**INSTRUCTIONS TO FOLLOW**
An exact transcription is needed of the lines below from the one with "States Note Grades" through the one with "KIDSCOOL SPACE Baby", with no other lines and no pictures.

**DATA RECORDS**
***

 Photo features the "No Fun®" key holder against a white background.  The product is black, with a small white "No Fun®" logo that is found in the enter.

***

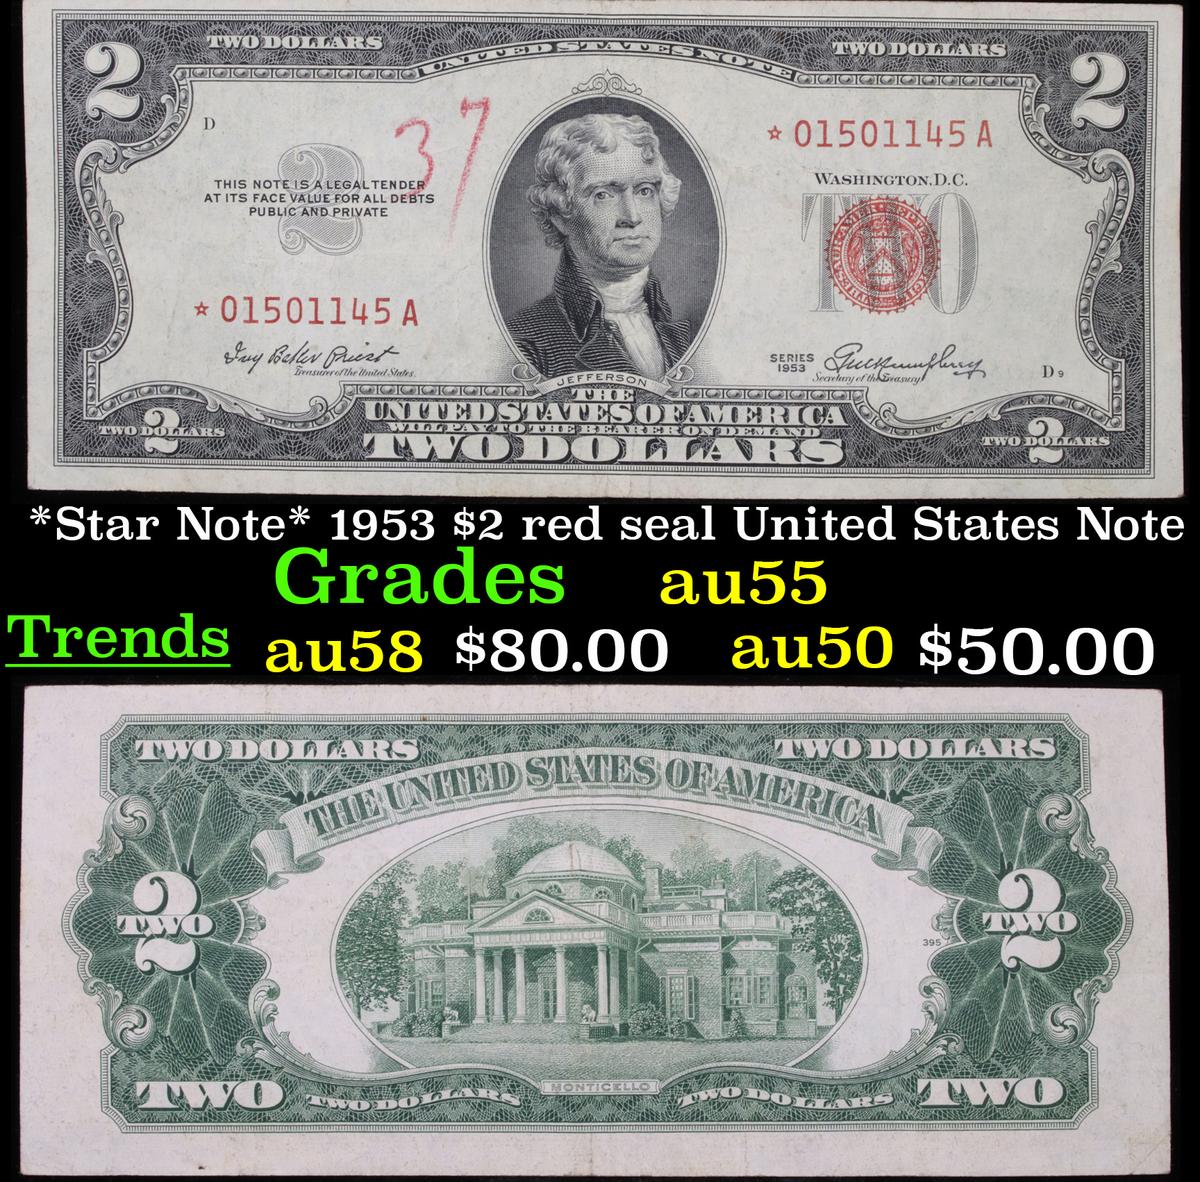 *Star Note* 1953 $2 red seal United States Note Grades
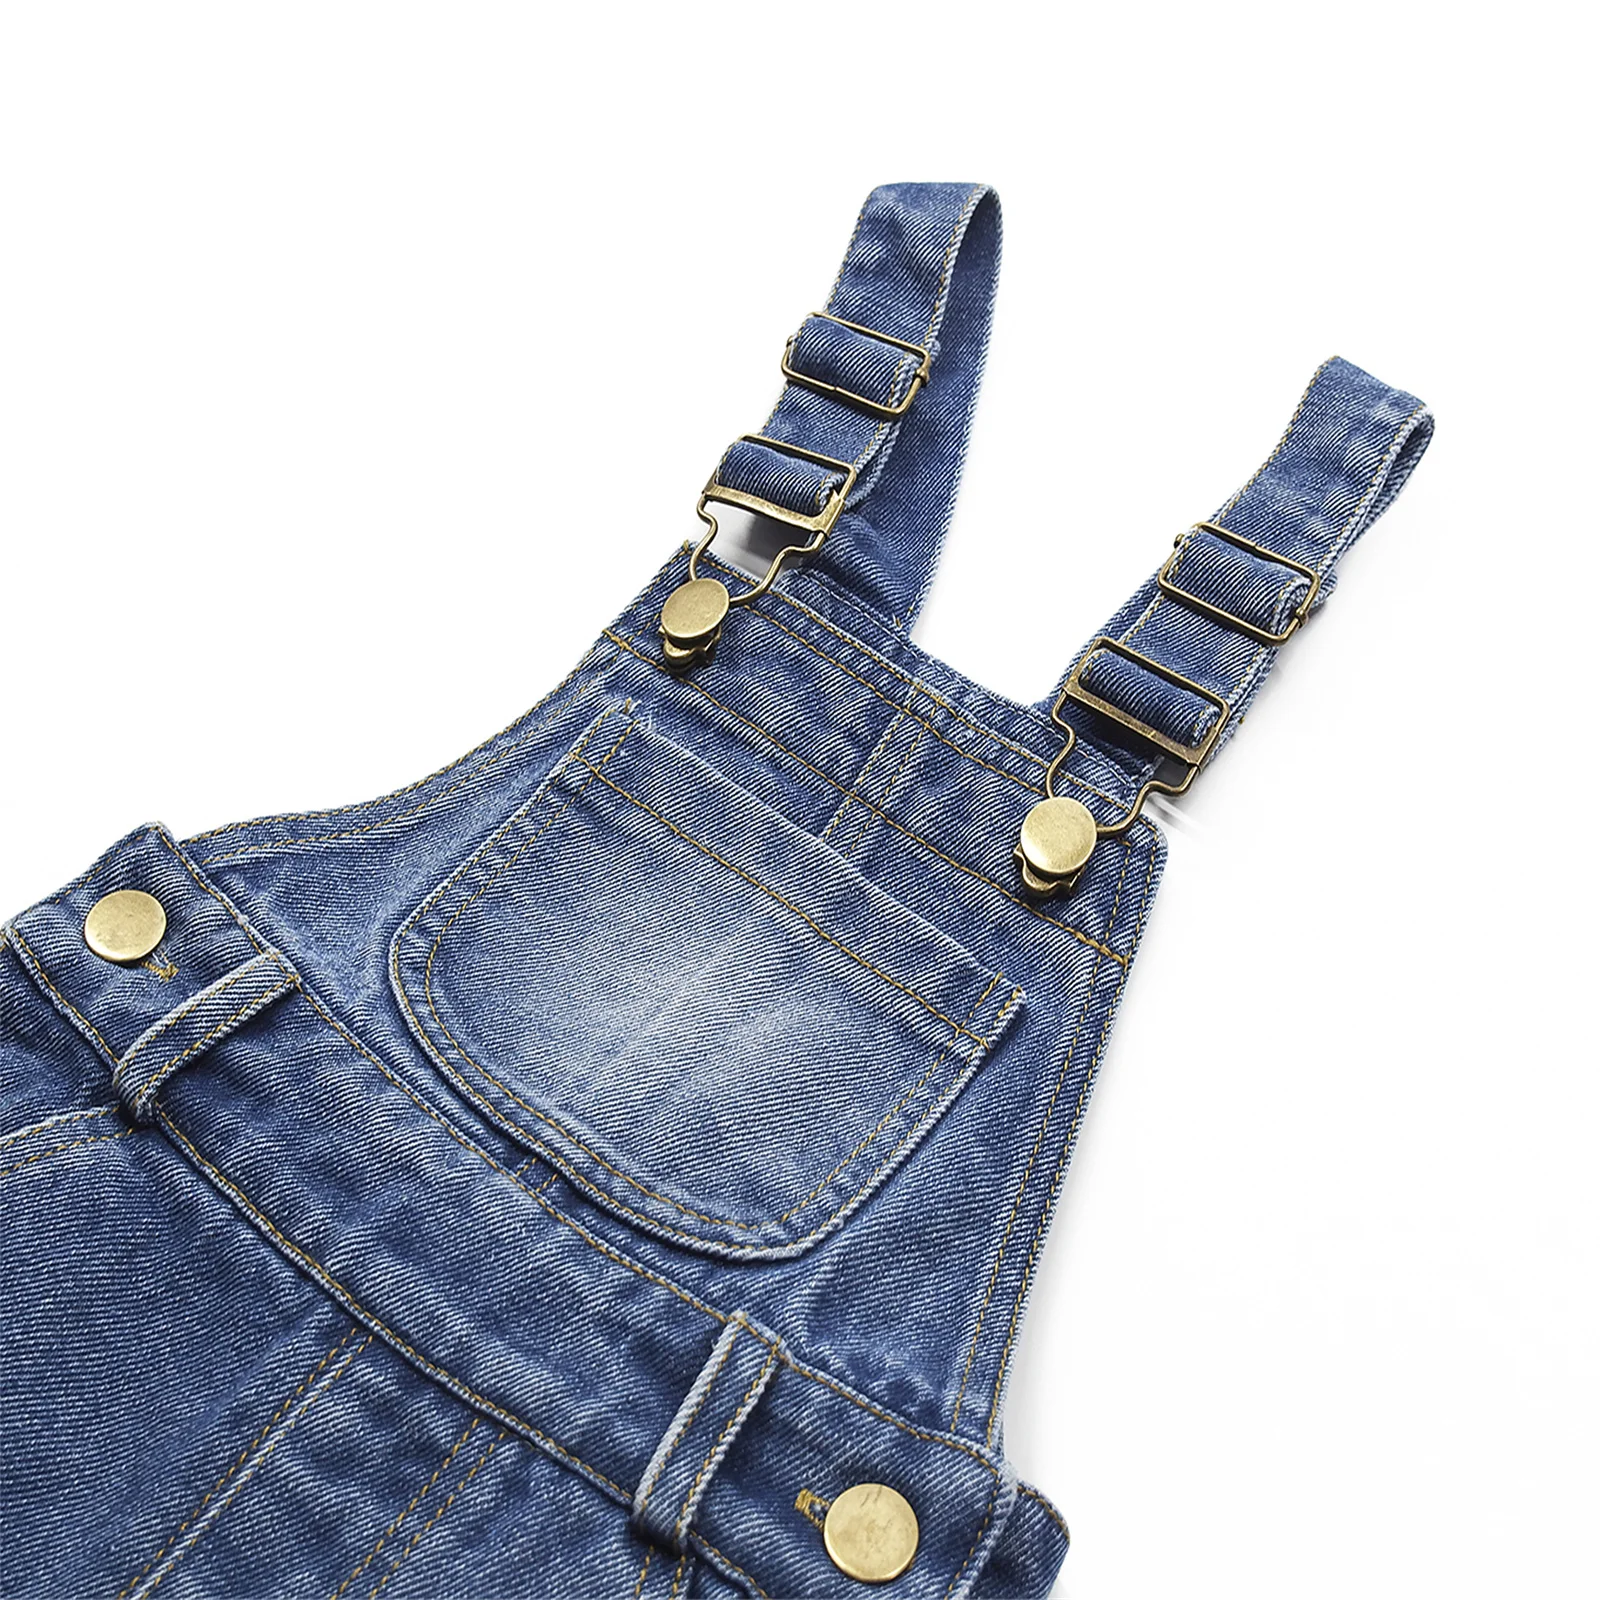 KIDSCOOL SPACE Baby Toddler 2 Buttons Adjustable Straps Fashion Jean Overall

***

**EXERCISE ANSWER**
 *Star Note* 1953 $2 red seal United States Note Grades
 KIDSCOOL SPACE Baby Toddler 2 Buttons Adjustable Straps Fashion Jean Overall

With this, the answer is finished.